Как я могу сделать это с помощью среды выполнения Go - Как я могу использовать токен на предъявителя из запроса с клиентом Google API Go?

Плюсы / минусы в этих двух подходах?

Answer 1

В GCF вы можете запросить это, чтобы получить токен.

curl "http://metadata.google.internal/computeMetadata/v1/instance/service-accounts/default/token" -H" Метаданные: Google "

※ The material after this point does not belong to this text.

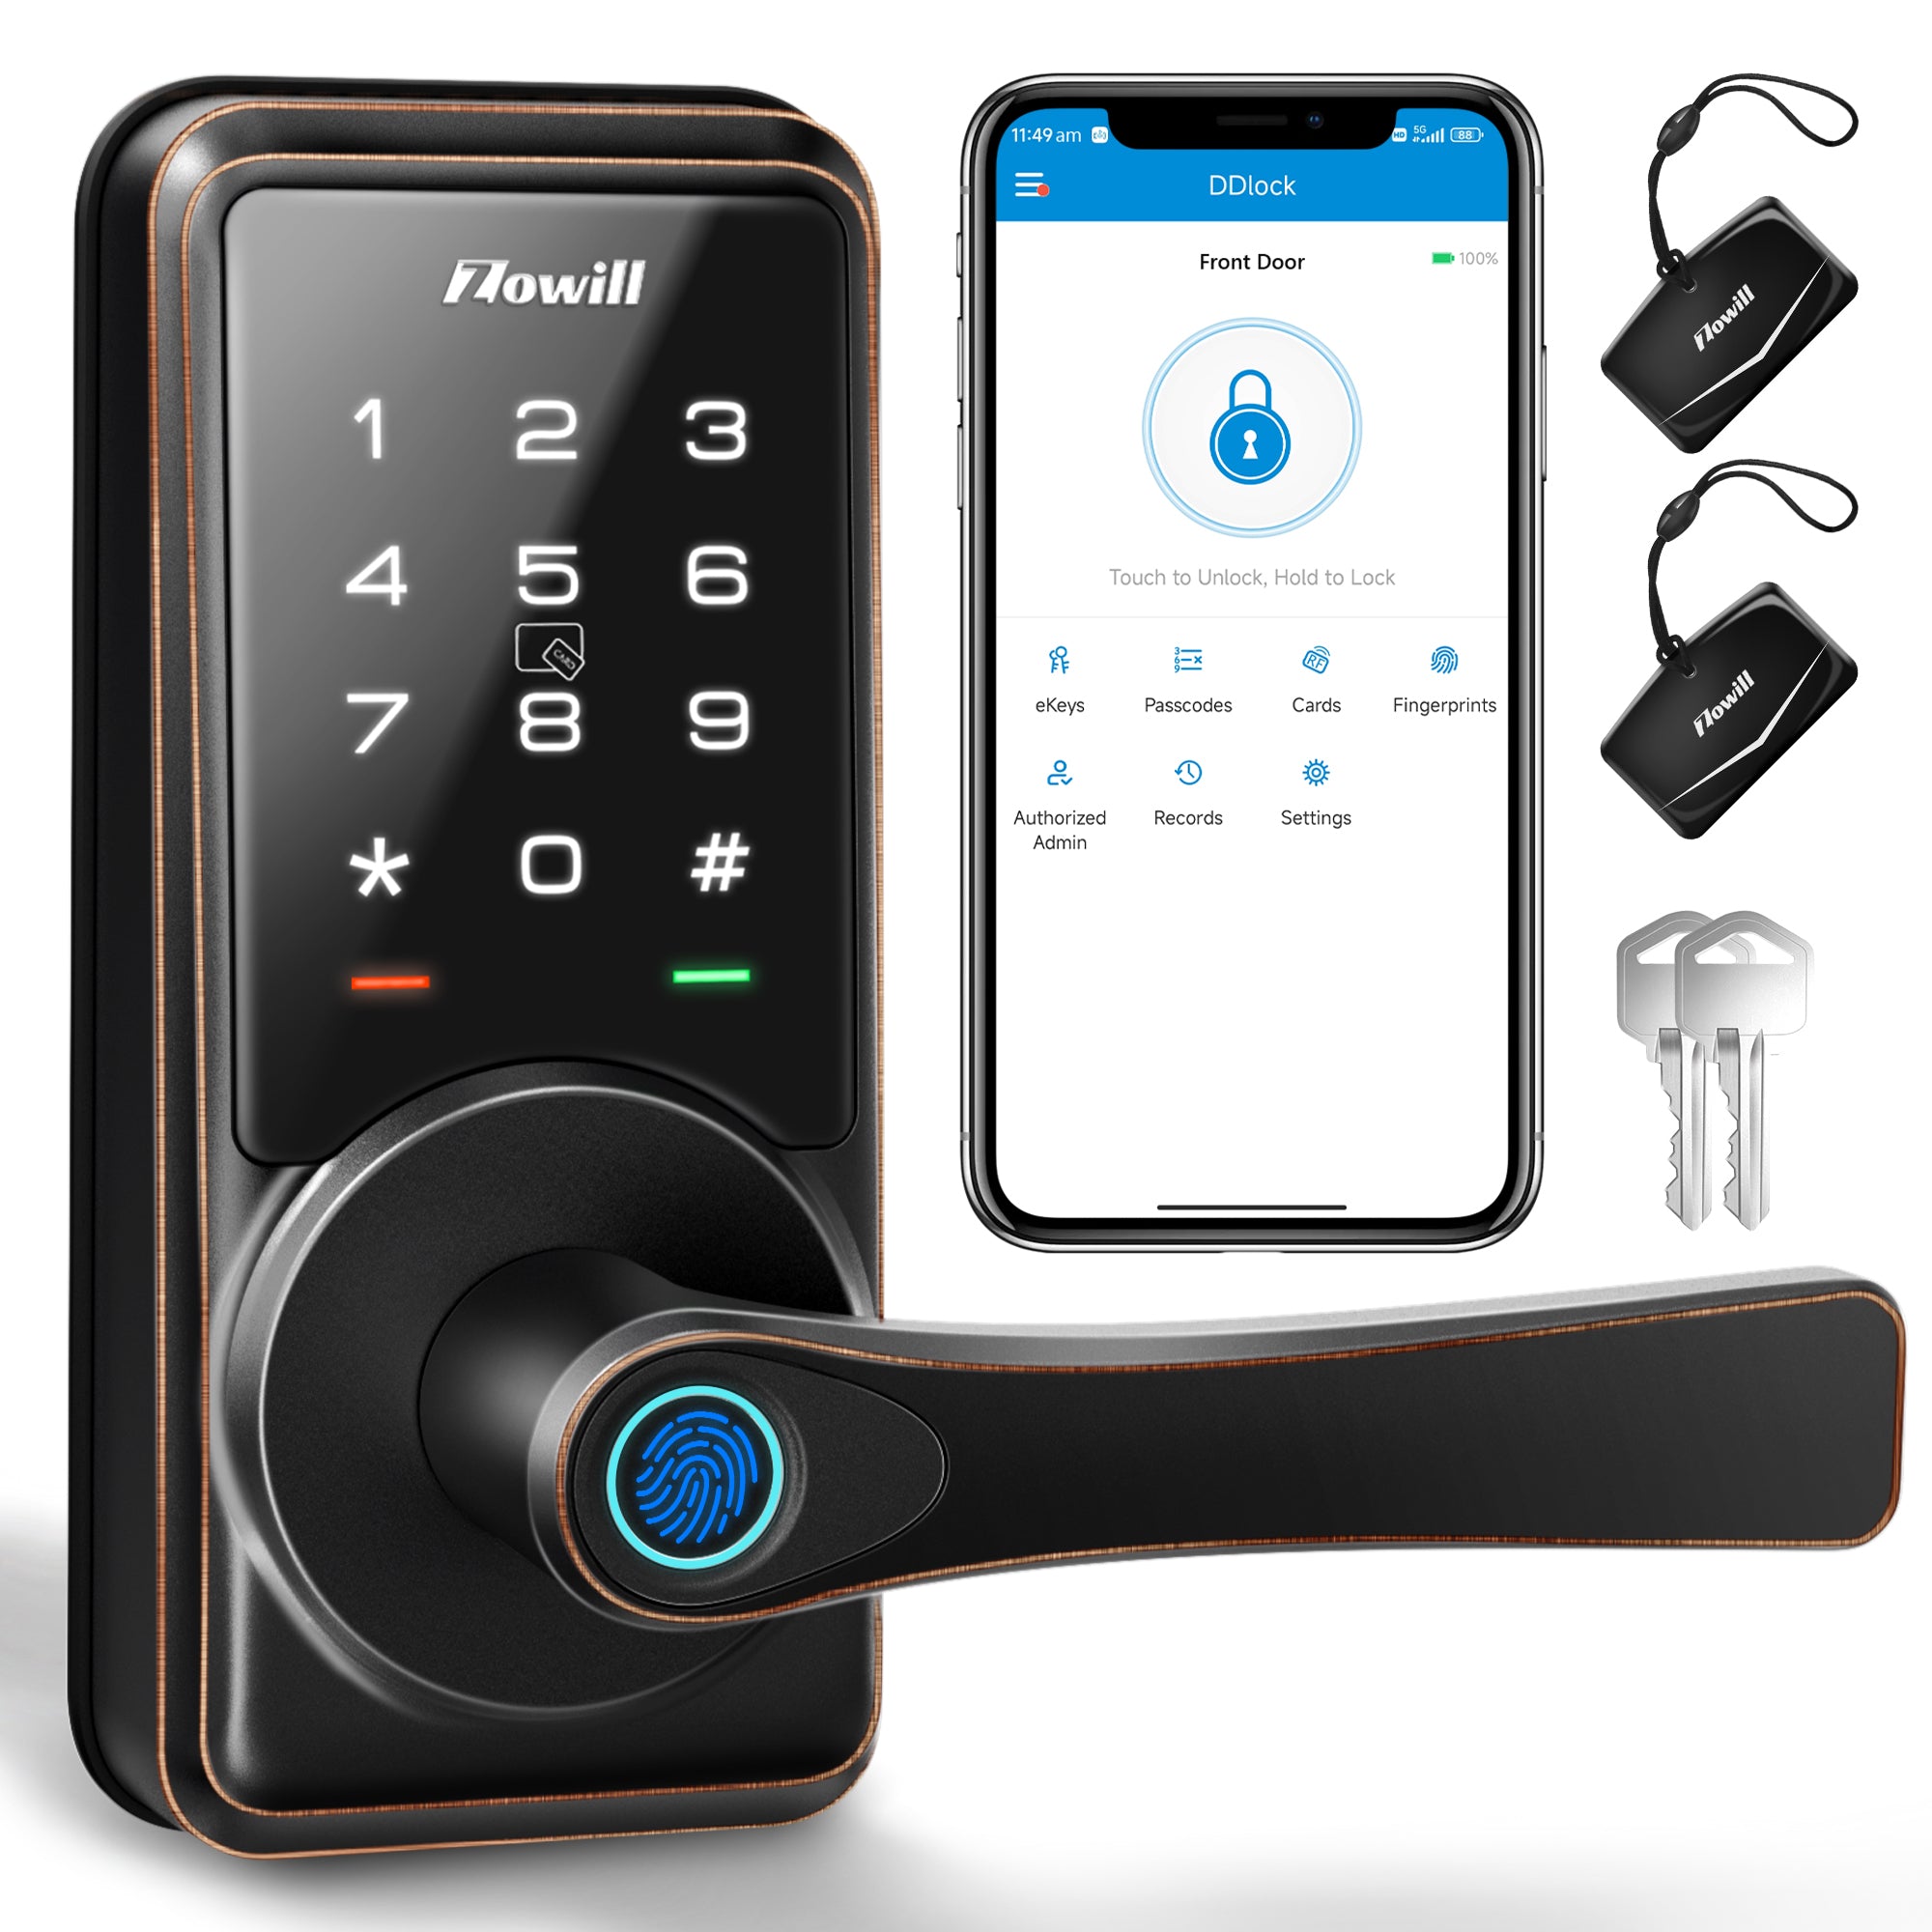 Smart Lock, Zowill 7-in-1 Fingerprint Door Lock, DK09 – zowill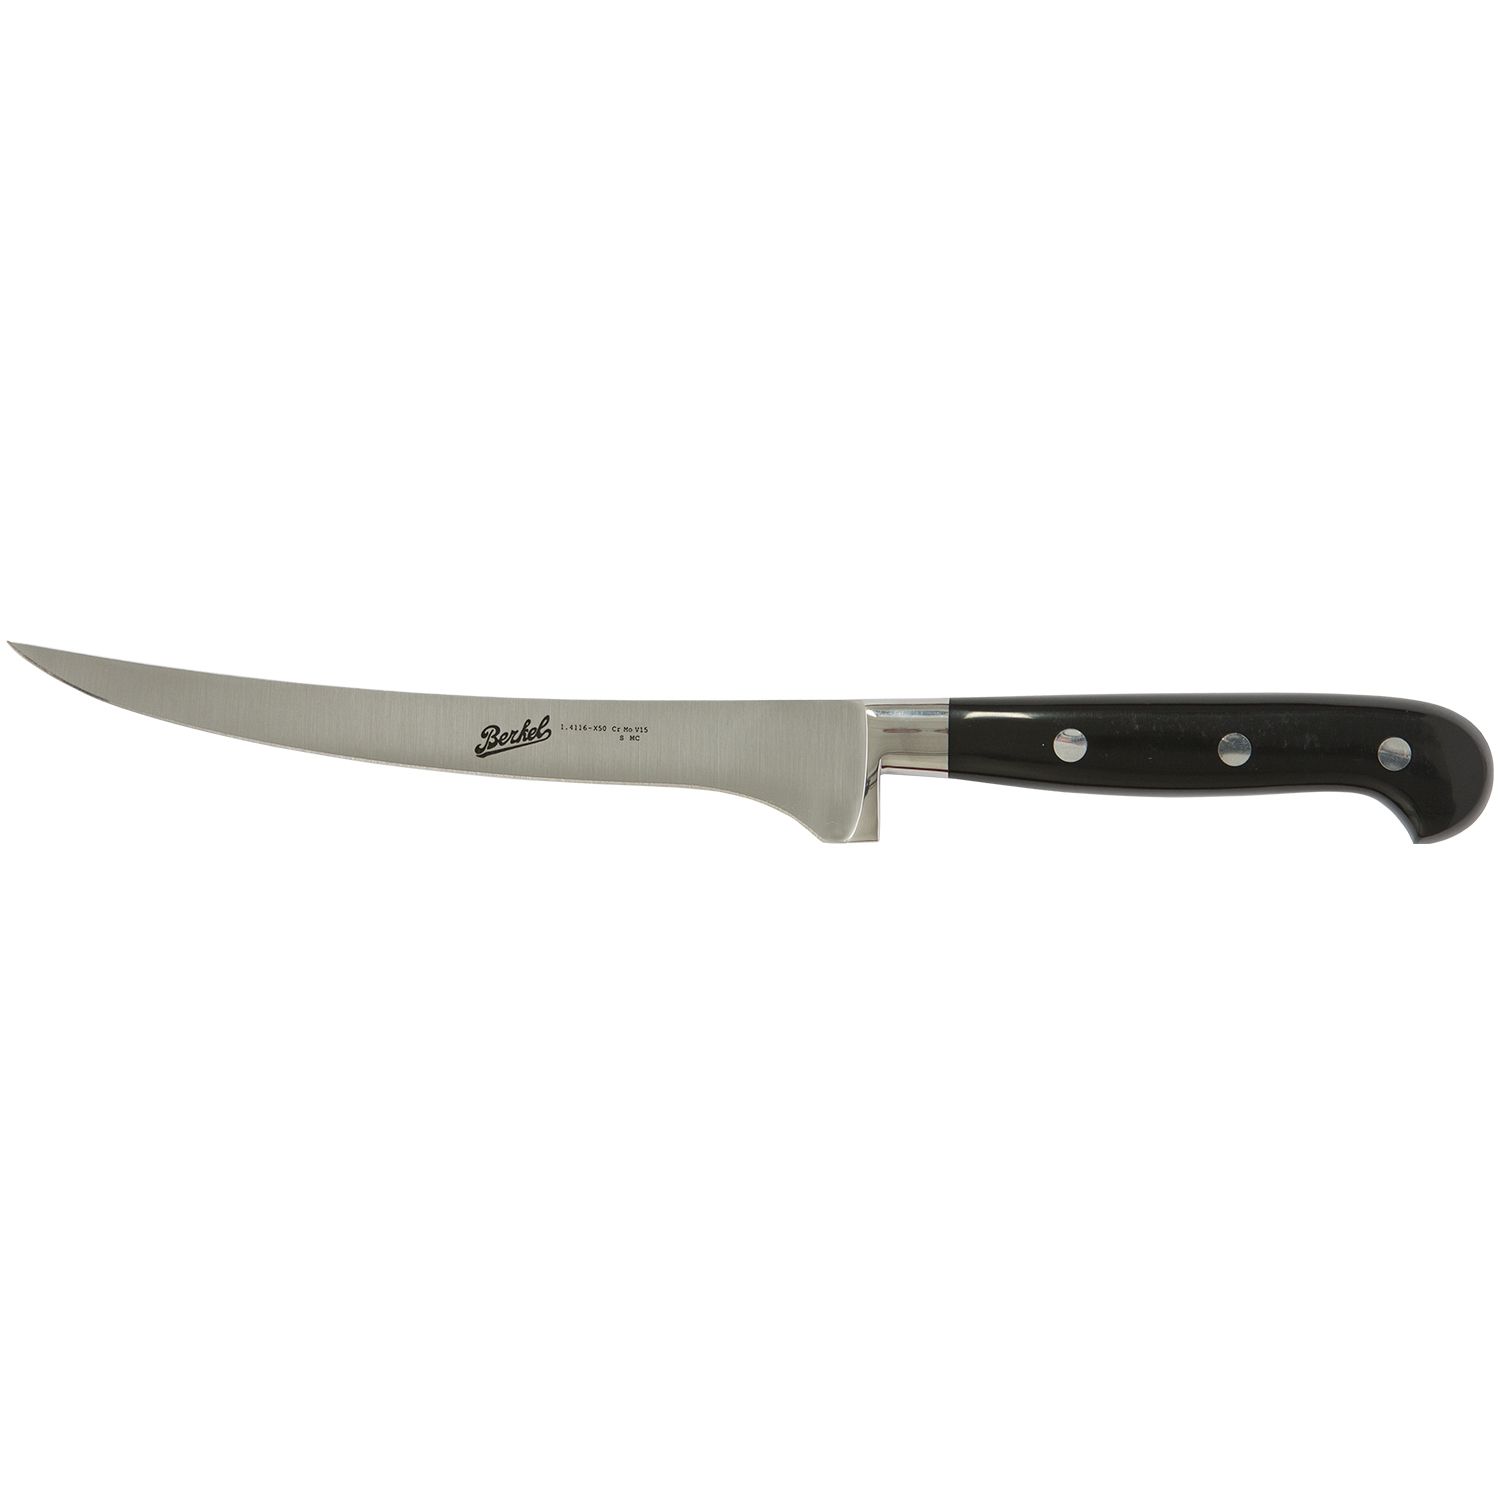 Fillet knife cm.18 Stainless Steel Berkel Adhoc Handle Glossy Black Resin

Ссылка: https://cloud.google.com/compute/docs/access/create-enable-service-accounts-for-instances#applications

Answer 2

Я нашел способ передать токен доступа, исходящий из запроса, в клиент Google API Go. Вот как я создаю клиента (r - входящий http.Request):

ctx := context.Background()

auth := r.Header.Get("Authorization")
token := strings.TrimPrefix(auth, "Bearer ")
ts := oauth2.StaticTokenSource(
    &oauth2.Token{AccessToken: token},
)
c := oauth2.NewClient(ctx, ts)

dnsService, err := dns.New(c)

Но, подумав немного, я не думаю, что это хороший подход в моем случае: токен доступа неоправданно силен, чтобы передать запрашивающей стороне. Поэтому я выбрал первый подход в своем первоначальном вопросе.

Answer 3

Облачная функция должна иметь возможность использовать свои учетные данные для авторизации запроса, получая учетные данные по умолчанию и передавая их в клиенте DNS.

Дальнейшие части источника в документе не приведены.